Hoping to learn more, I located the book YOUROWQUAINS by Bill Bland in our local library, and dove in. It is a well-written story of the life of this little girl who would become a Wyandot Indian Queen. Caty's Father died never knowing what happened to his little girl - her Mother lived long enough to learn that she was alive, and where she was, through a strange coincidence of Caty's Brother finding her in Kansas 56 years after her disappearance from Elk Creek.

An interesting side-story involves the Christianization of the Wyandot Indians in what has been acknowledged as the first officially recognized Methodist Church Mission in America. For details, see the book.

JohnC
BTW, I ordered a "good condition" used copy of this book for my permanent collection through an Amazon 3rd-party supplier; however, the book had not arrived within Amazon.com period for filing for refund. I regret that I had to cancel order and request refund.

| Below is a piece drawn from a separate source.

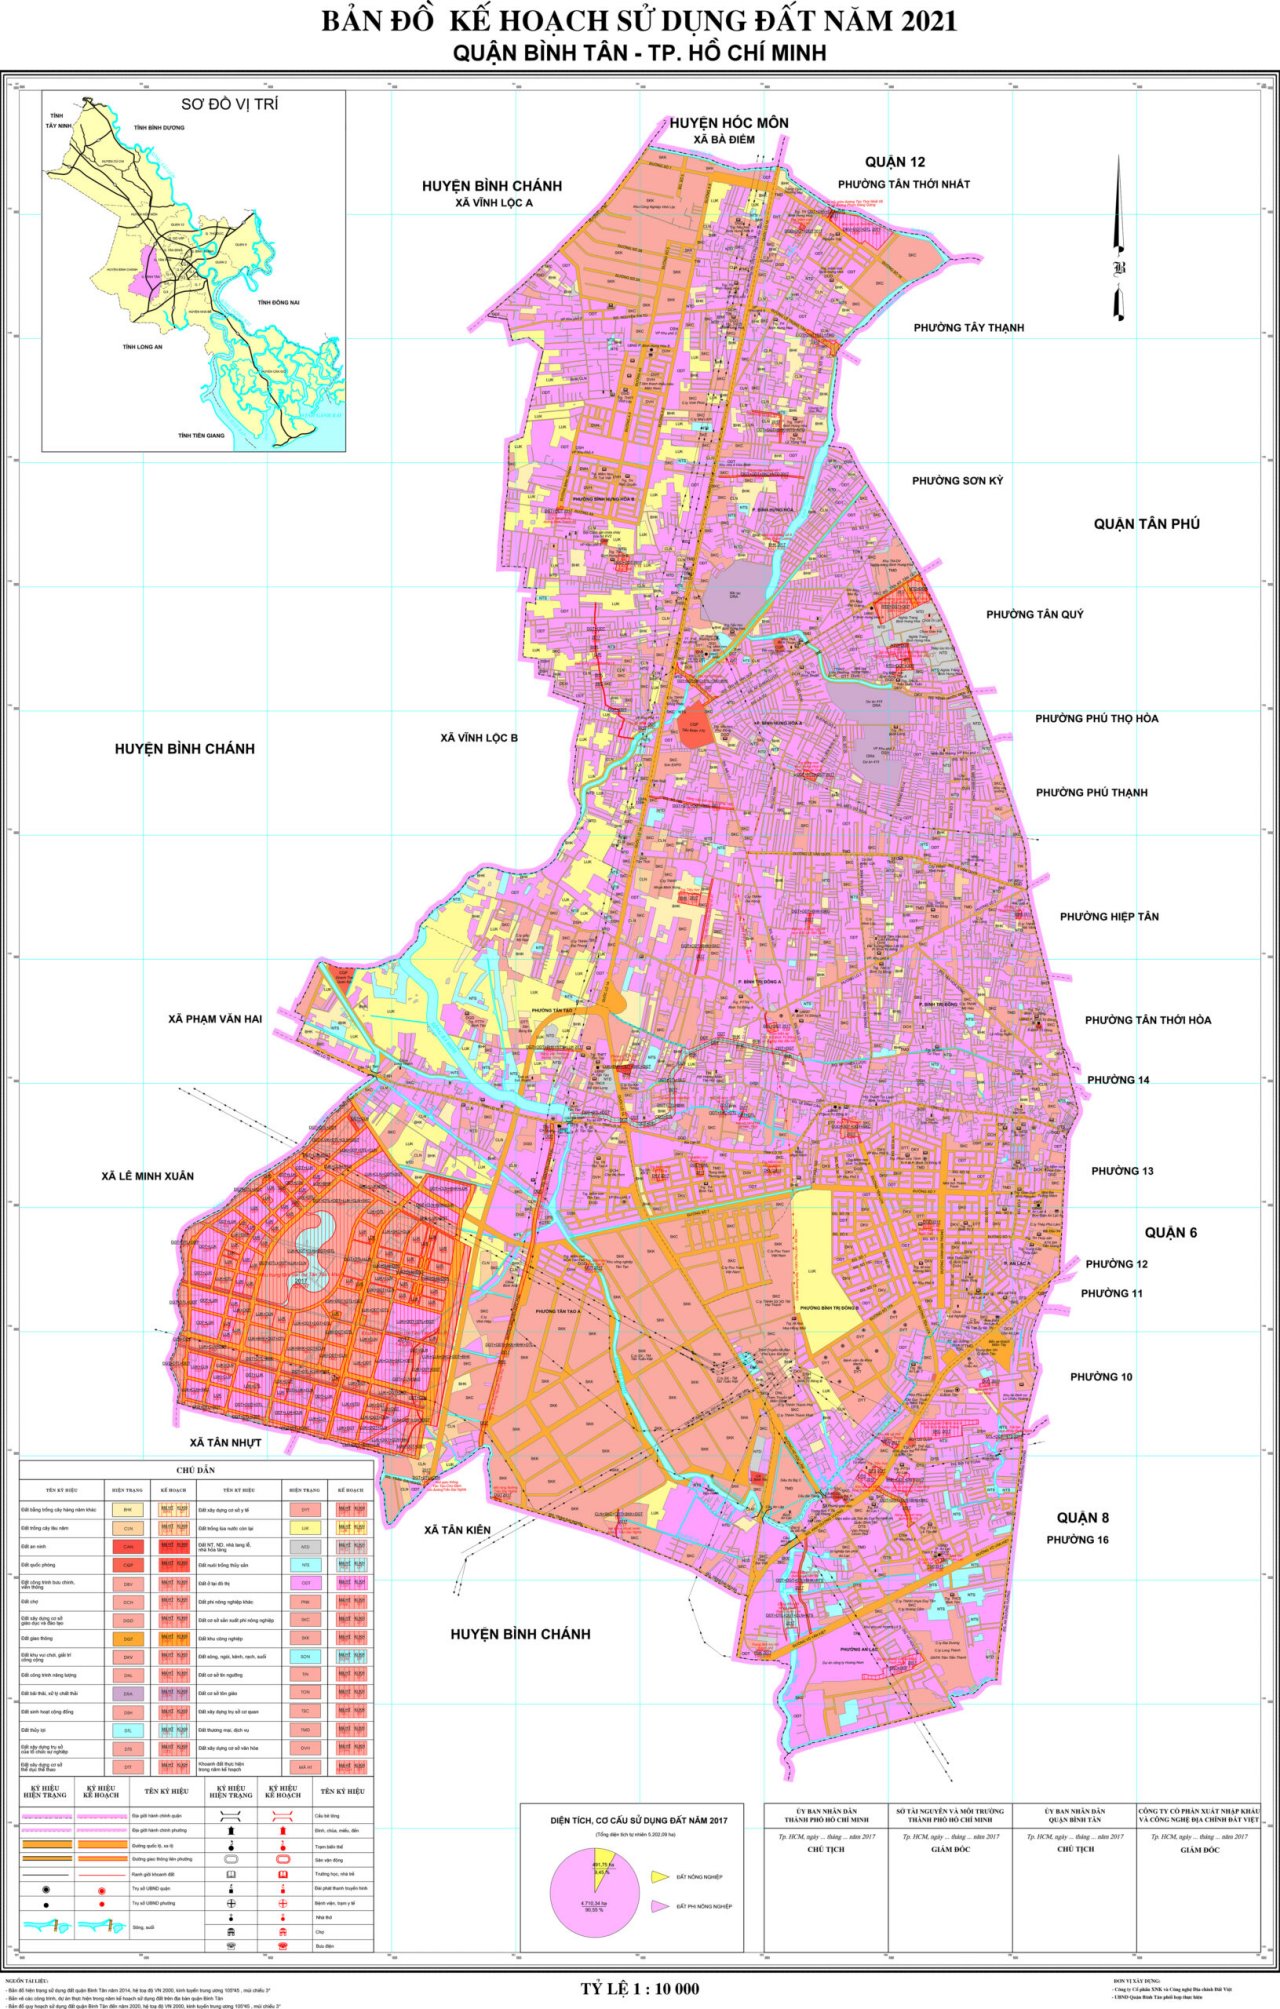 Bản đồ quy hoạch sử dụng đất Quận Bình Tân năm 2021

I should have read the supplier's recent" feedback" before ordering, as I believe it would have put me on notice of possible trouble with the order. I will order this book from a different vendor, and will definitely look at their "feedback" record from other Amazon customers.
LATEST NEWS: Received Amazon refund, NO PROBLEM, then ordered again from collegehillbooks and received a good, clean, like-new copy of YOUROWQUAINS in three days! Thank You Very Much!